Note from the author: while I will normally try to get articles up immediately following the games, any game on the West Coast will be delayed until the next day.
In what was a great night for Columbus, Vancouver had a horrible one. For the first time in franchise history, the Columbus Blue Jackets started a season off at 2-0. At the same time, for the first time in nine seasons, the Vancouver Canucks started off at 0-3. With their core resigned, their first playoff berth behind them, and this great start to the season, the Jackets are finally getting some respect – hey, even ESPN is finally talking about them. That said, however, with two more tough road games this week, the winning drive by the Jackets is going to cease.
As Blue Jackets’ coach Ken Hitchcock put it earlier this week, the game against Vancouver was a hard-hitting and hard-fought battle. The Canucks and their fans were in full panic mode and desperately needed the win. The Blue Jackets were happy and skating with overconfidence, and they looked like a juicy target. Vancouver figured that their third game of the season would be a turnaround point, and that after beating the Jackets, they could get back on track. They might have counted on beating the Jackets, but Vancouver didn’t count on Rick Nash as a play maker.
The game started off in Vancouver’s favor. Though they got an early penalty for a bad hit on Jared Boll, Vancouver was easily able to kill of the penalty. Then Henrik Sedin (1) started it off for the Canucks, scoring just four and a half minutes into the game. Though the Jackets were able to keep them out of the net for the next 16 minutes, the Canucks were easily controlling the puck.
The game changed, however, when in the 19th minute, Captain Rick Nash sent a puck flying across the crease towards Antoine Vermette (1), who tapped the puck in, tying the game. Though it was not credited as a shorthanded goal, the Jackets had only four men on the ice when it occurred, as Rusty Klesla was still standing in the penalty box (The Columbus Dispatch considers it a shorthanded goal, but neither Yahoo nor ESPN do).
The second period started off perfectly for the Jackets. Just two minutes into the game, Kristian Huselius (1) scored on a laser shot over goaltender Roberto Luongo. Three minutes later, Klesla (2) scored, followed almost immediately by a goal from Nikita Filatov (1). In just seven minutes and only four shots, the Jackets had scored four goals, and Rick Nash had picked up three assists – what a night. The Canucks then pulled Luongo from the goal.
Though a goal by Christian Ehrhoff (1) late in the Second stopped the bleeding, the Canucks’ fans were really out of the game. That changed, however, when Willie Mitchell (1) put one by goalie Steve Mason, making the game 3-4. It looked like the Canucks had a comeback brewing. Their hopes were smashed, however, when Fedor Tyutin (1) scored on a power play. Columbus had finally scored with a man advantage, and they had closed the door on Vancouver.
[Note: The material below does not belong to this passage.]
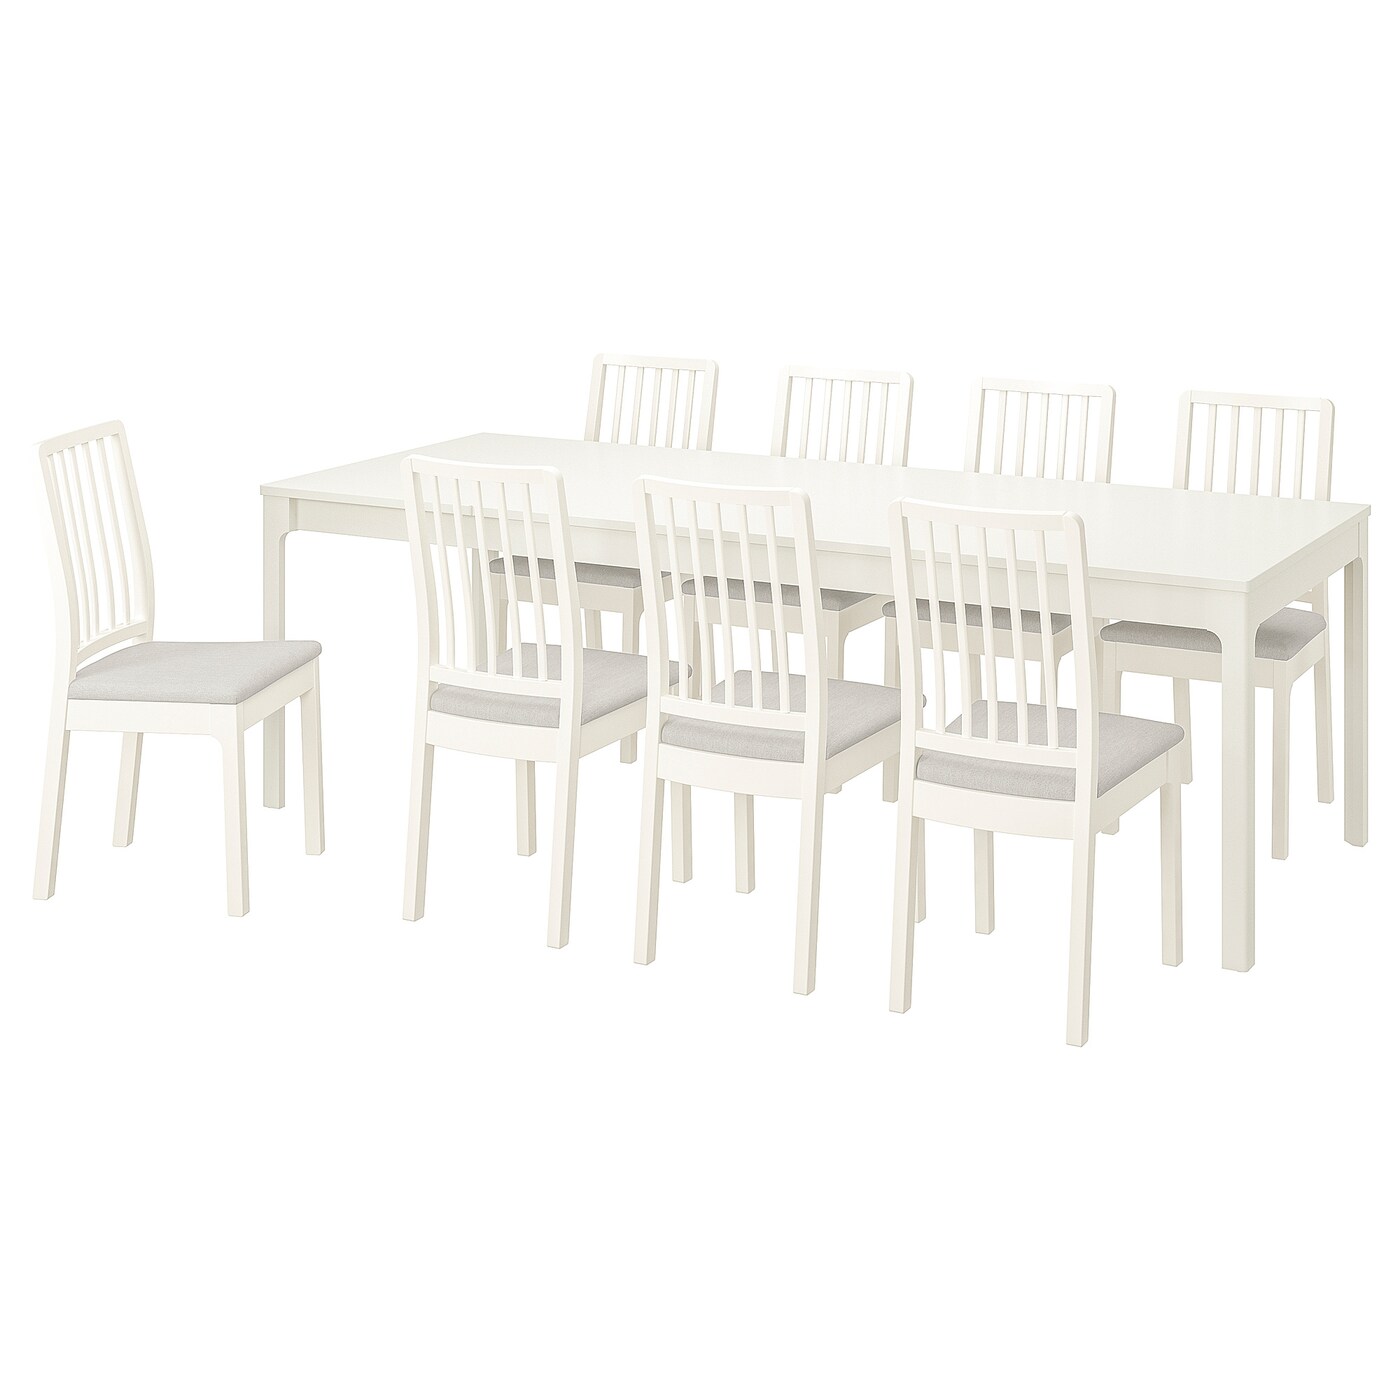 Стол и 8 стульев - IKEA EKEDALEN/ЭКЕДАЛЕН ИКЕА, 180х240x90 см, белый/серый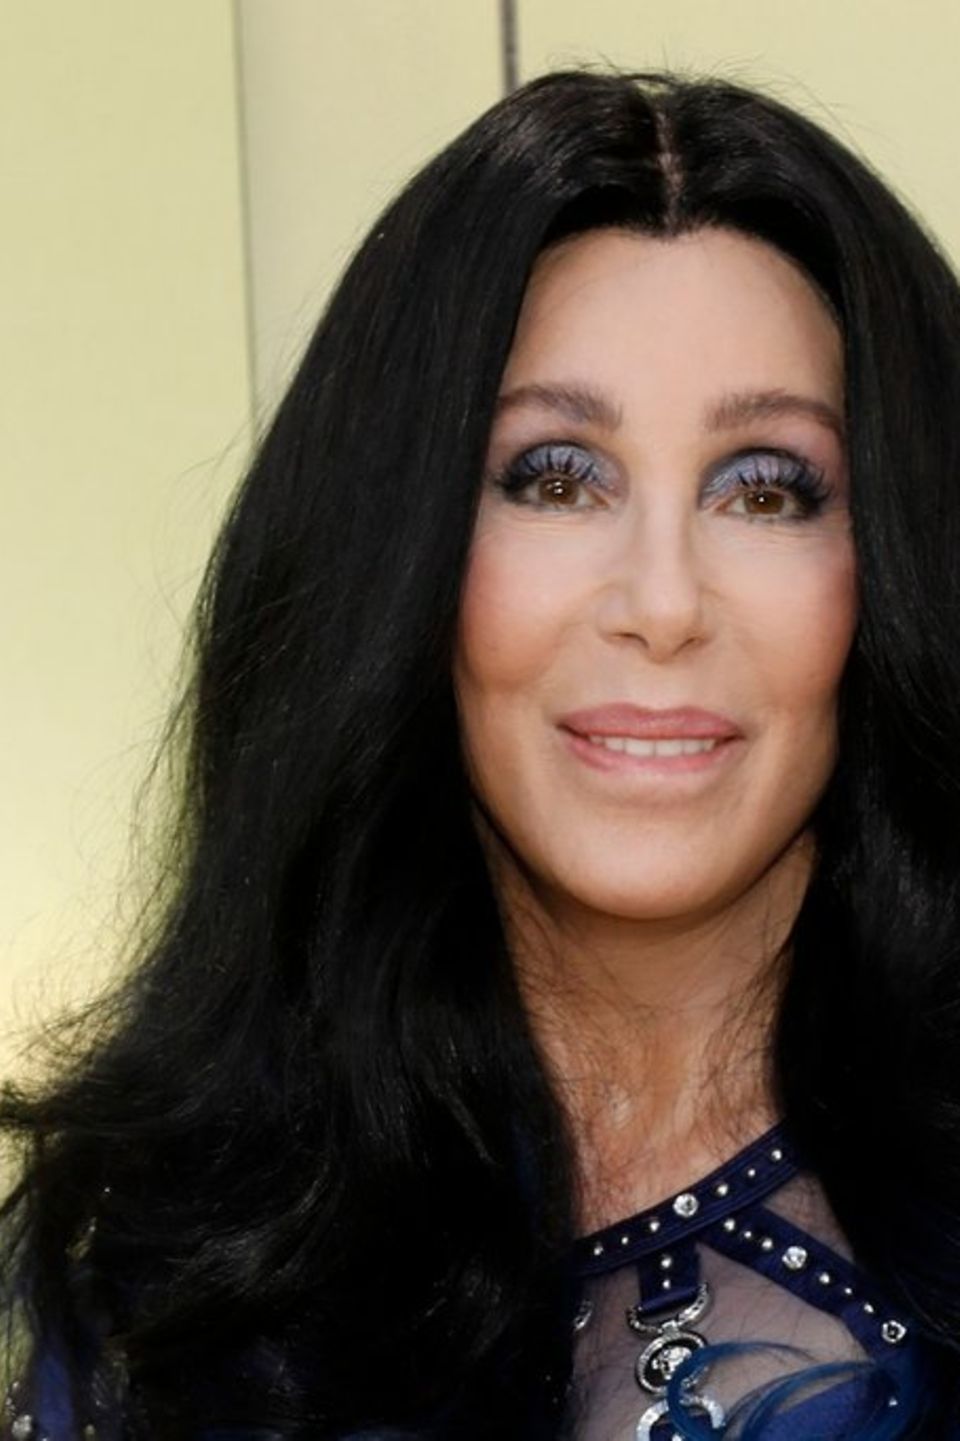 Cher möchte aus den USA auswandern, sollte Donald Trump siegreich sein.

The Good, the Bad, and the Ugly
Rick Nash played absolutely amazing tonight. Though he didn’t get any goals, and still has yet to this season, he became a playmaker and a real team player. Assisting in the first three goals of the night, Nash made sure that his teammates were able to sink the puck into the net. Nash himself was surprised by his assists, stating that “Apparently Juice [Huselius] and I switched roles.” Furthermore, he served as a distraction all night, causing Vancouver to cover him instead of the man with the puck. This maturity is what Columbus needs in their captain, and it should help them win many, many more games.
The Blue Jackets might have been a model of efficiency (five goals on 24 shots), but they really need to work on control and not letting up. Too often, across-the-ice passes were intercepted, and simply dekes resulted in lost pucks. If the Jackets want to keep on winning, they need to buckle down in this regard.